TASK TO COMPLETE: Transcribe all the data below exactly, leaving its pictures out.

DATASET CONTENT:
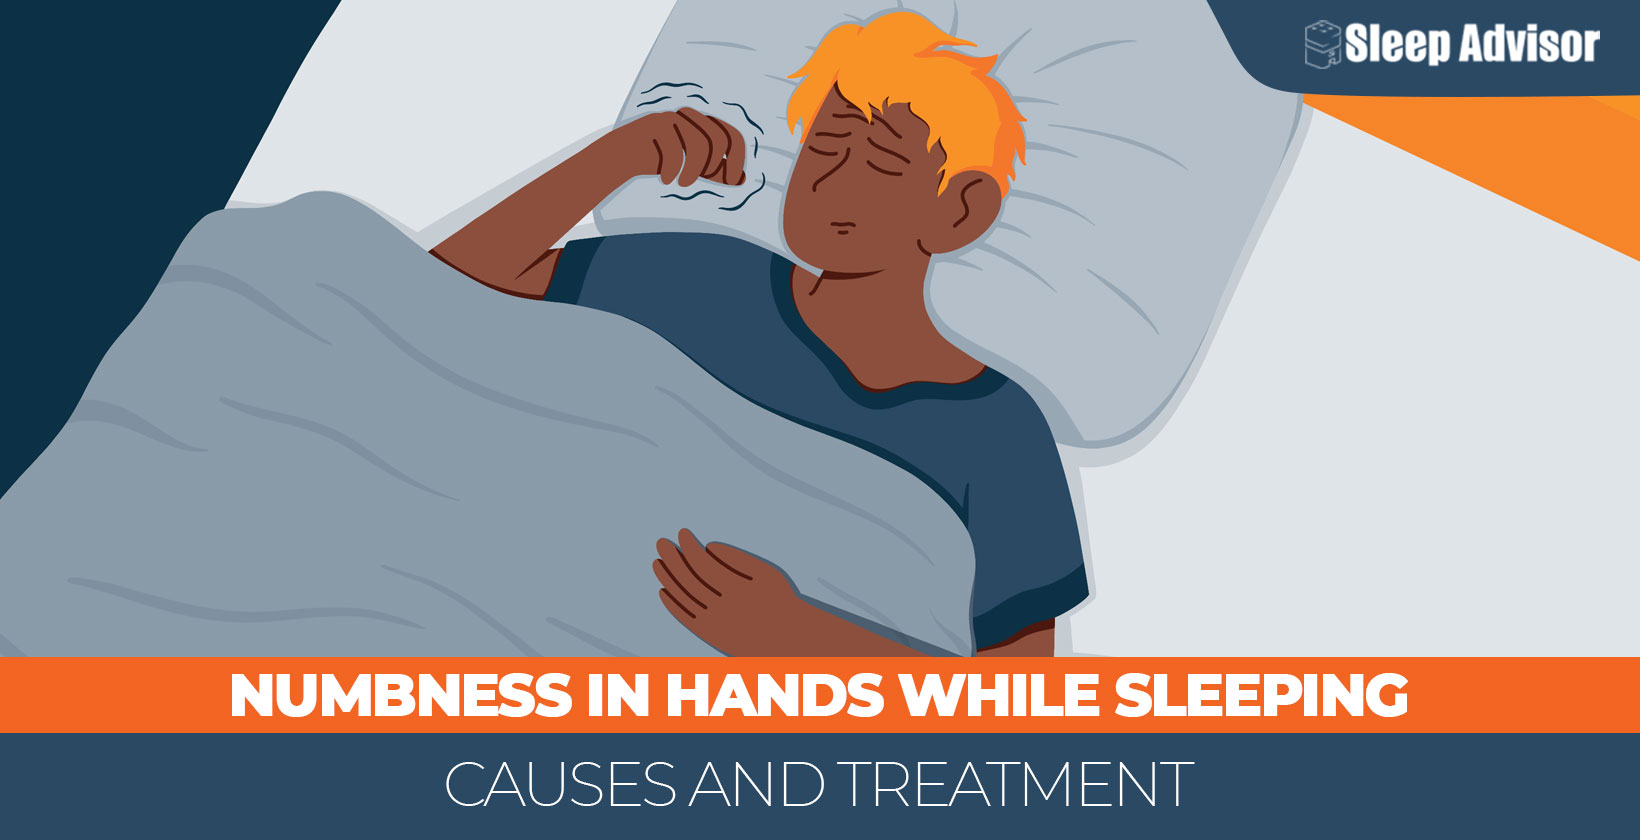 Numbness in Hands While Sleeping: Causes and Treatment
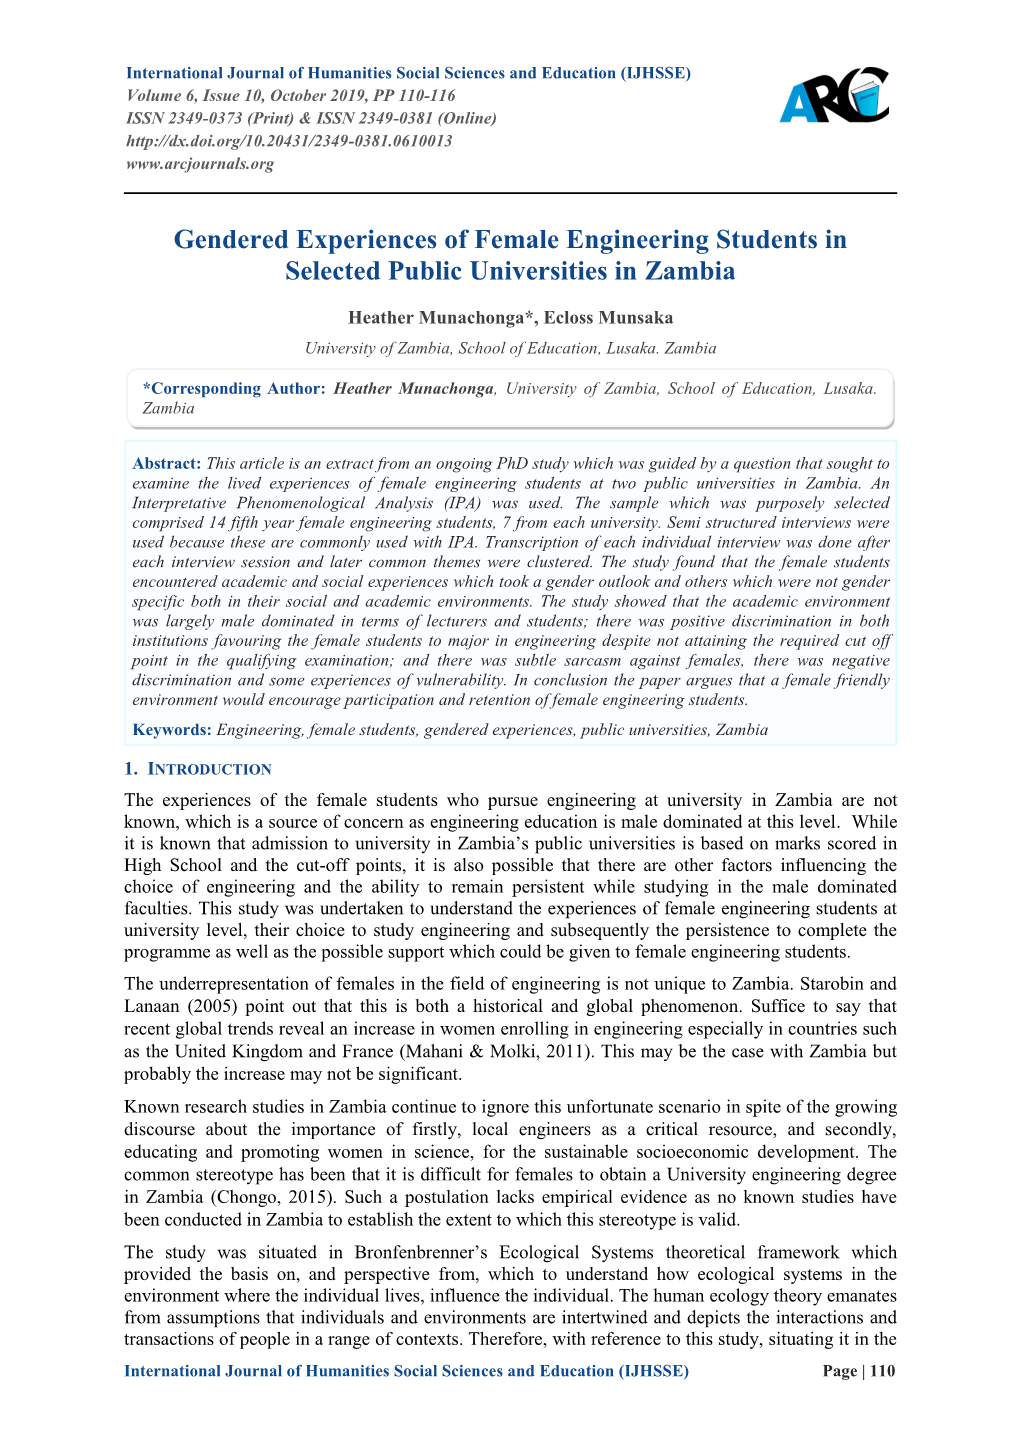 Gendered Experiences of Female Engineering Students in Selected Public Universities in Zambia
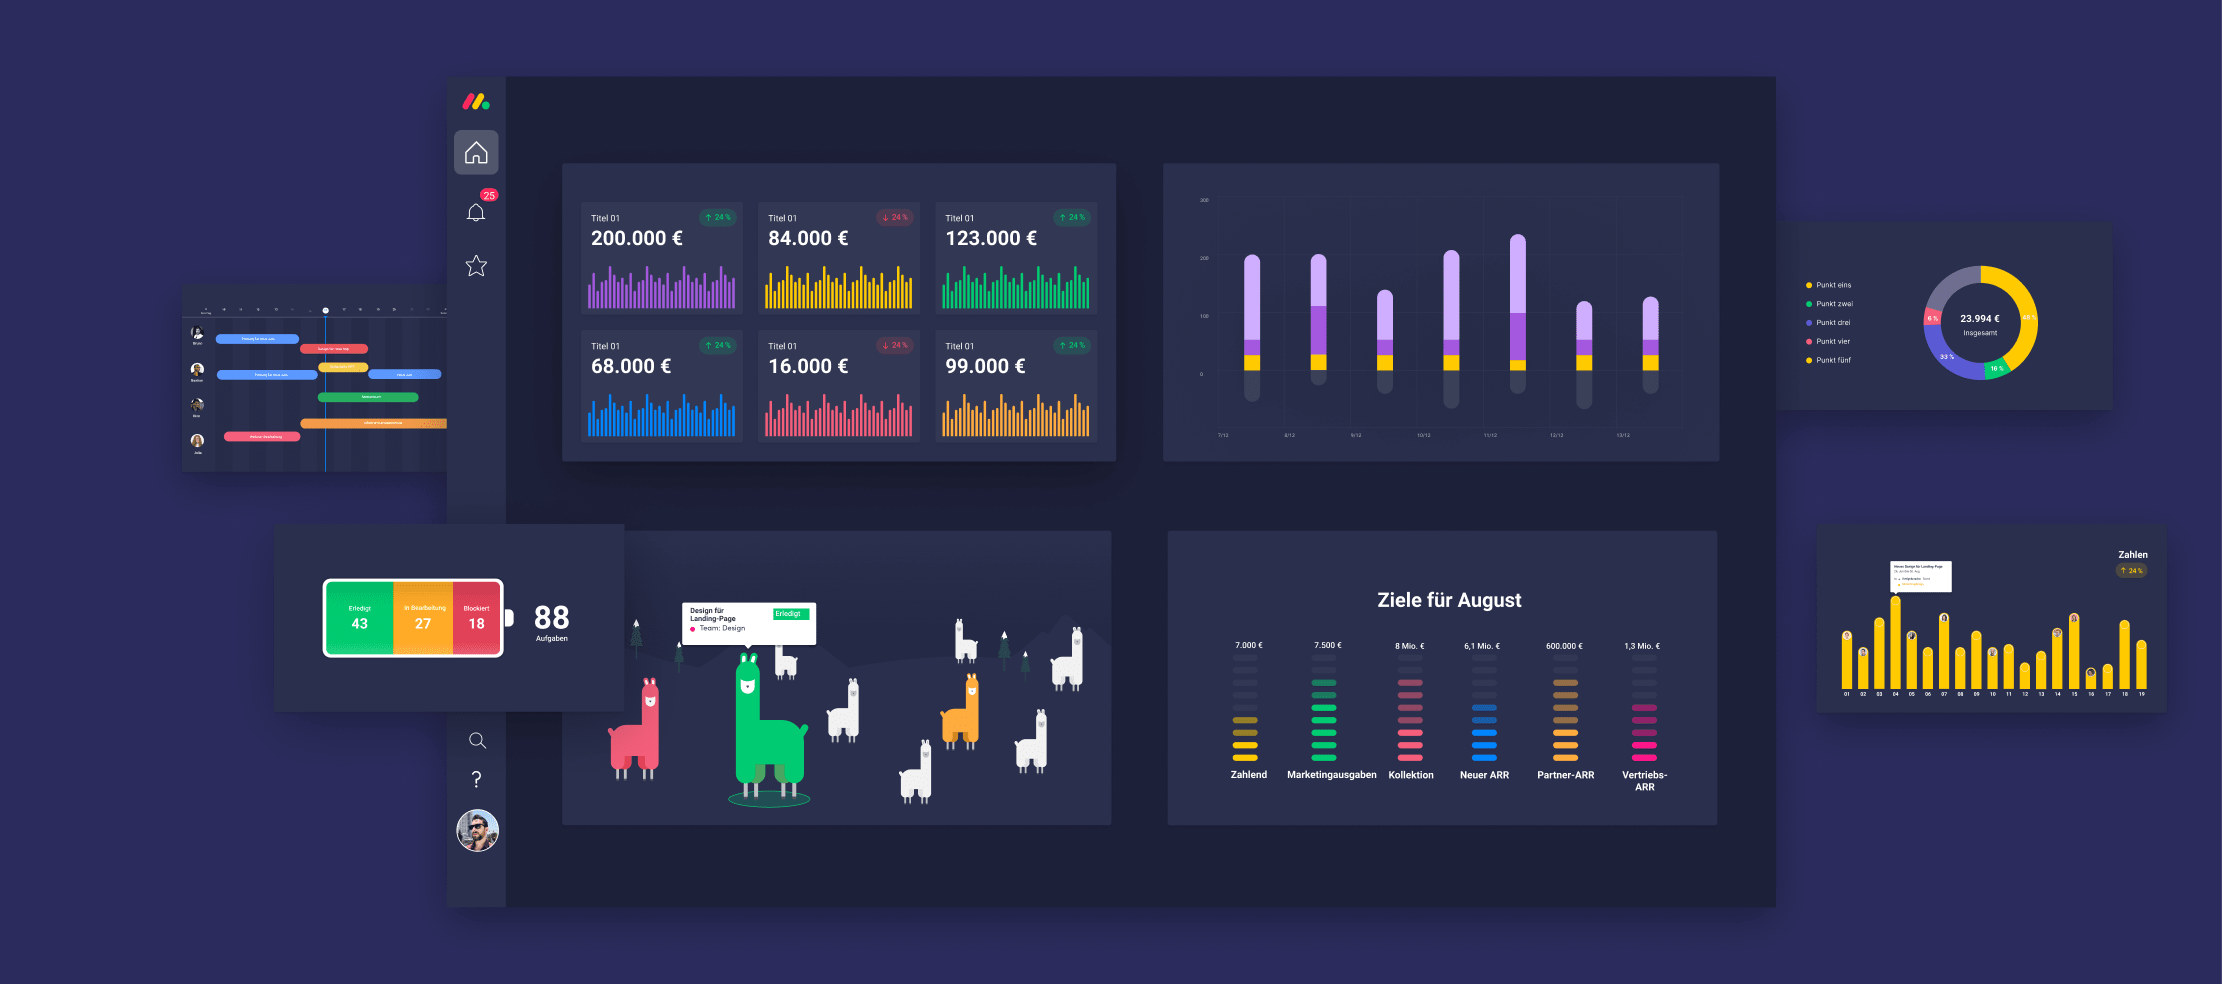 Large dashboard with various widgets

RESPONSE TO THE EXERCISE:
 Numbness in Hands While Sleeping: Causes and Treatment
 Gendered Experiences of Female Engineering Students in Selected Public Universities in Zambia
 Large dashboard with various widgets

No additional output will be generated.